This, I think, is the deepest reason digital twins matter, and the one least appreciated. They’re a technique for having more than one version of the truth on hand. Most engineering cultures have exactly one version of the truth: the running code. When the code is wrong, there’s nothing to check it against. A twin is a cheap second truth.
There’s a beautiful hardware precedent for this that probably many software engineers have never heard of. In 1980, Bill Foster, Gardner Hendrie, and Robert Freiburghouse founded Stratus Computer to build machines that didn’t fall over. Their competitors were trying to solve fault tolerance in software. Stratus bet that hardware had gotten cheap enough to solve it a different way: by running the same computation twice, in parallel, on identical boards. Each board was itself internally duplicated — a pair — and the pair was paired with another pair. The architecture came to be called pair and spare.5 Two CPUs on a board ran in lockstep, executing the same instruction on the same cycle, and compared results continuously over a dedicated bus. When they disagreed, the board took itself offline and its twin kept running, with no interruption to the program on top. As it turns out, I was the beneficiary of this when I worked for a defense contractor. One day, I came into work and a hardware component had arrived to replace a faulty part detected in the Stratus we were using to design software for a next-generation manufacturing system. None of our team was aware of the fault, but the Stratus phoned home and scheduled part delivery and replacement.

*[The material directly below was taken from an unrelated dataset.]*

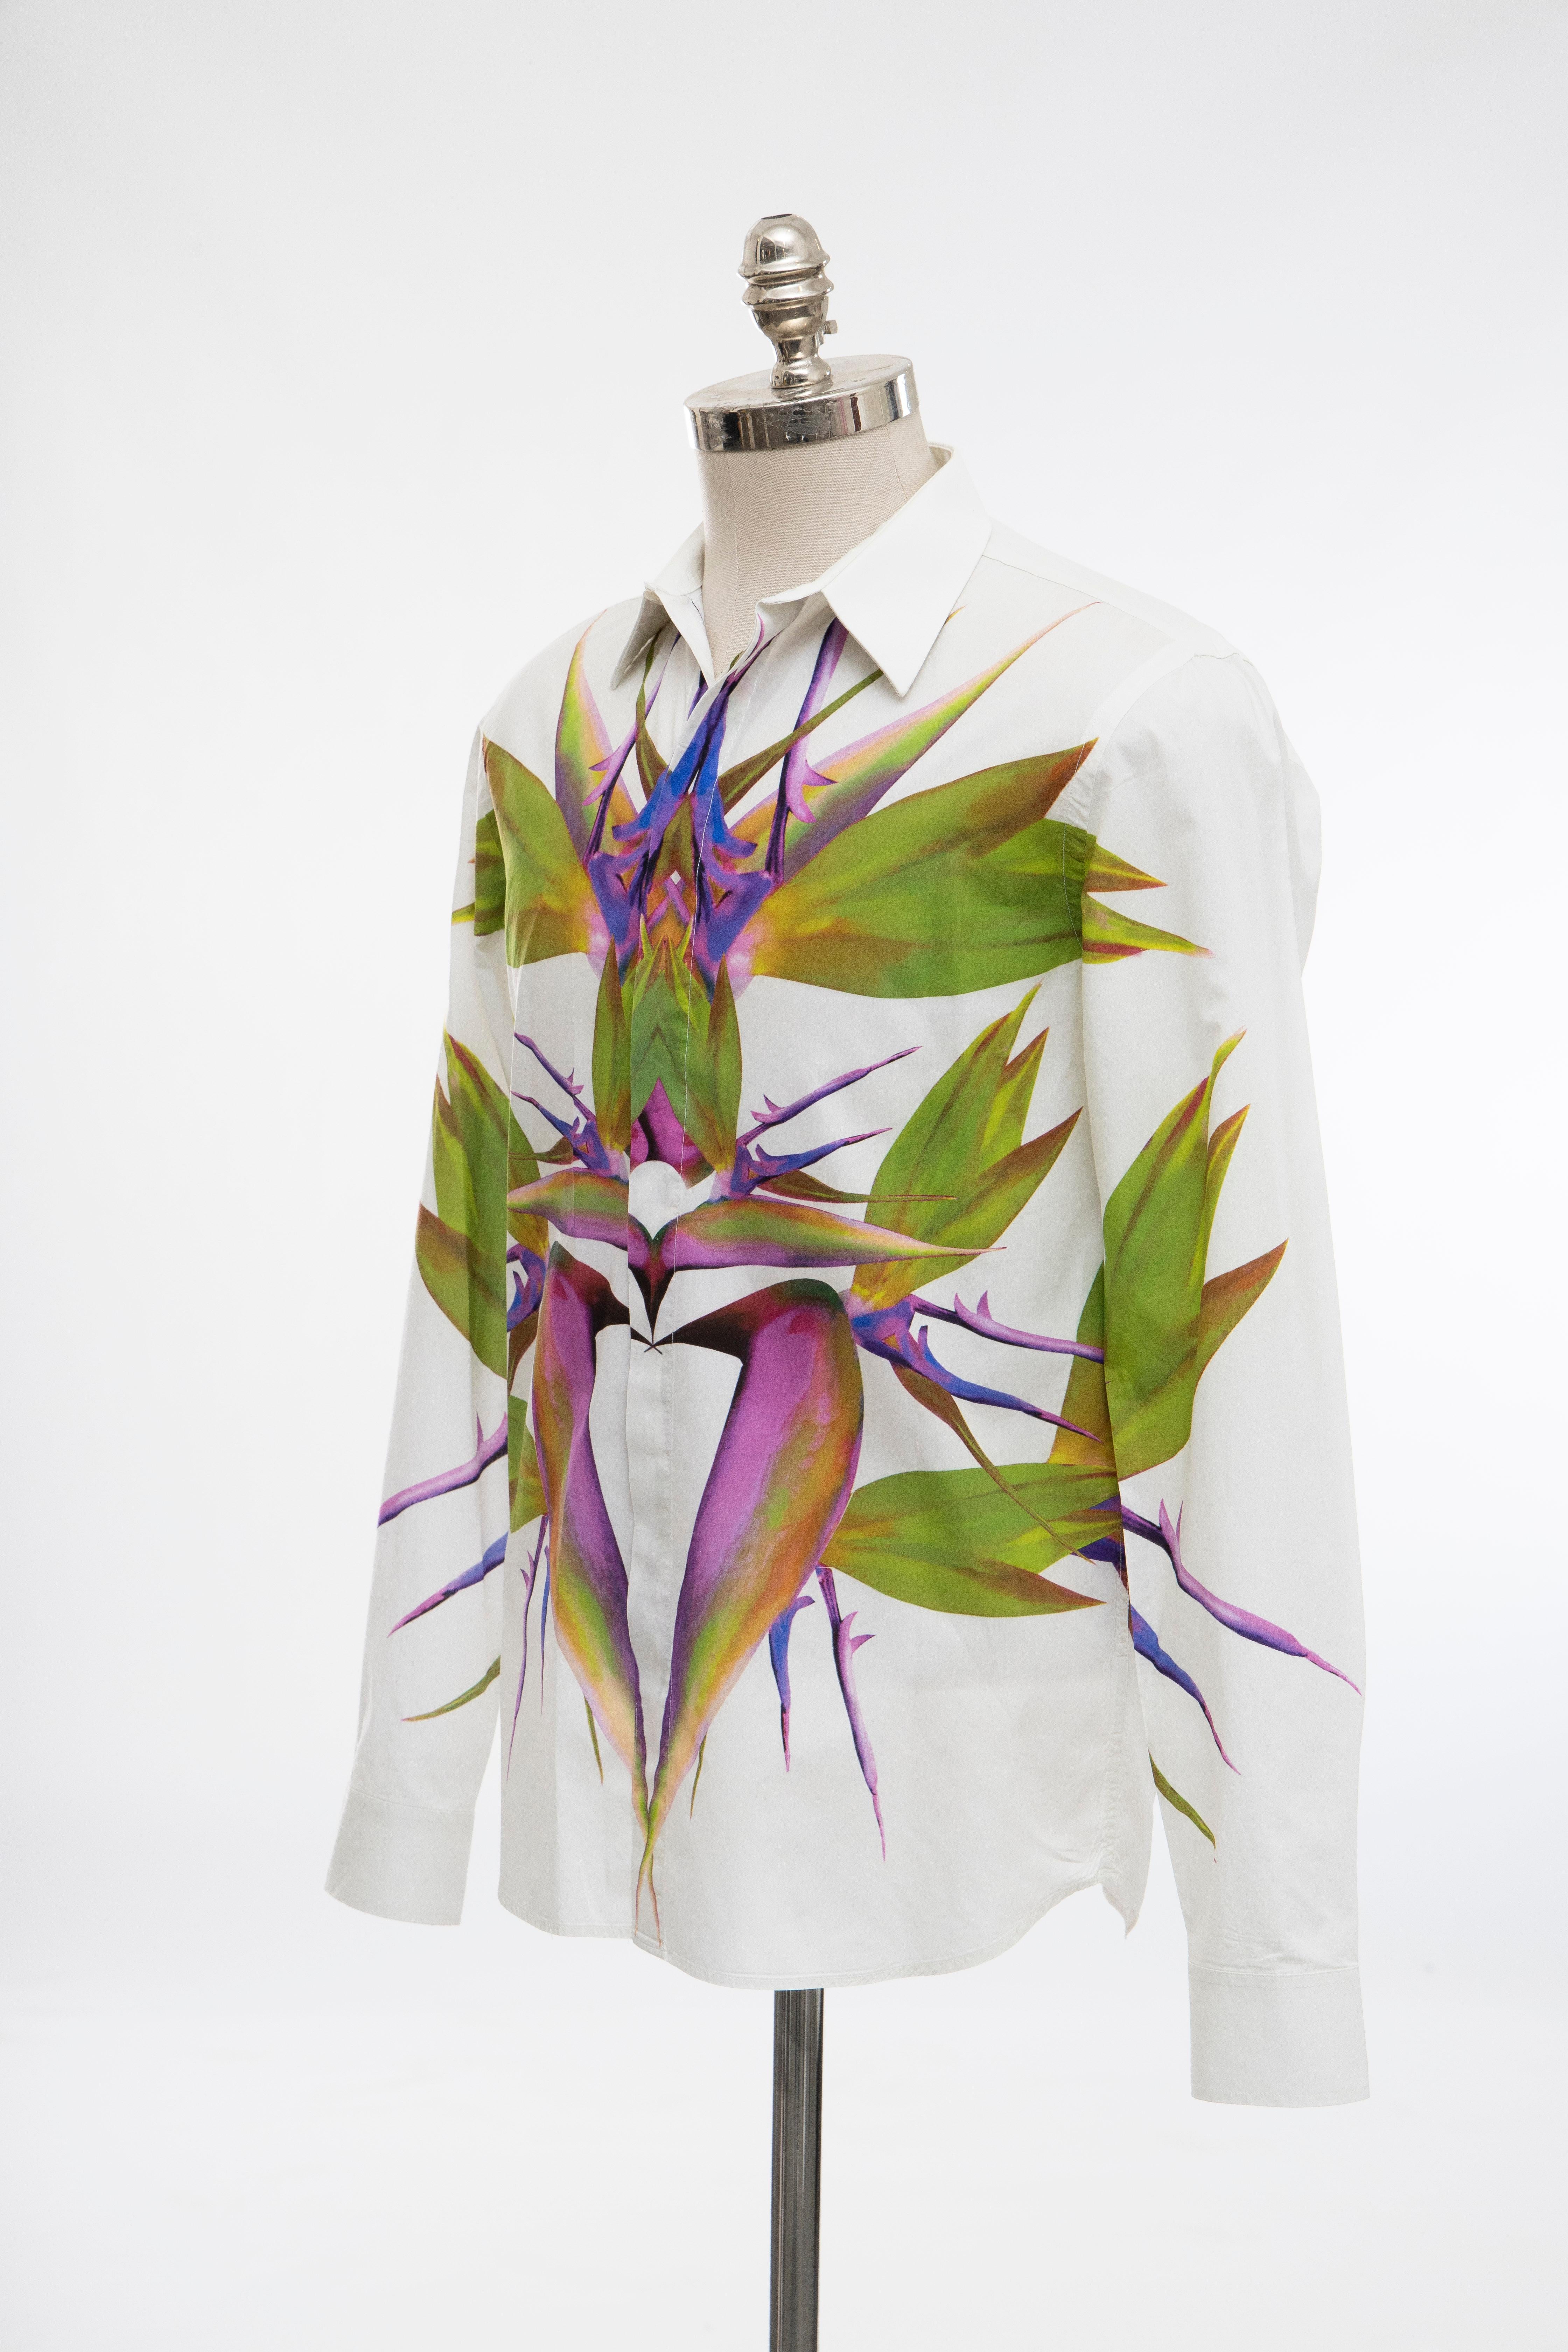 Riccardo Tisci for Givenchy Men's Cotton Birds of Paradise Shirt, Spring 2012 4

What’s interesting about this for our purposes is that the two halves of a Stratus machine weren’t computing different versions of the truth. They were computing the same truth twice, on independent hardware, specifically so that any disagreement was diagnostic. The twin wasn’t a second opinion about what to do. It was a second opinion about whether the first opinion was trustworthy. The whole point was the comparison — the bus between the halves was the place where meaning lived, because meaning, in a fault-tolerant system, is whatever both halves agree on.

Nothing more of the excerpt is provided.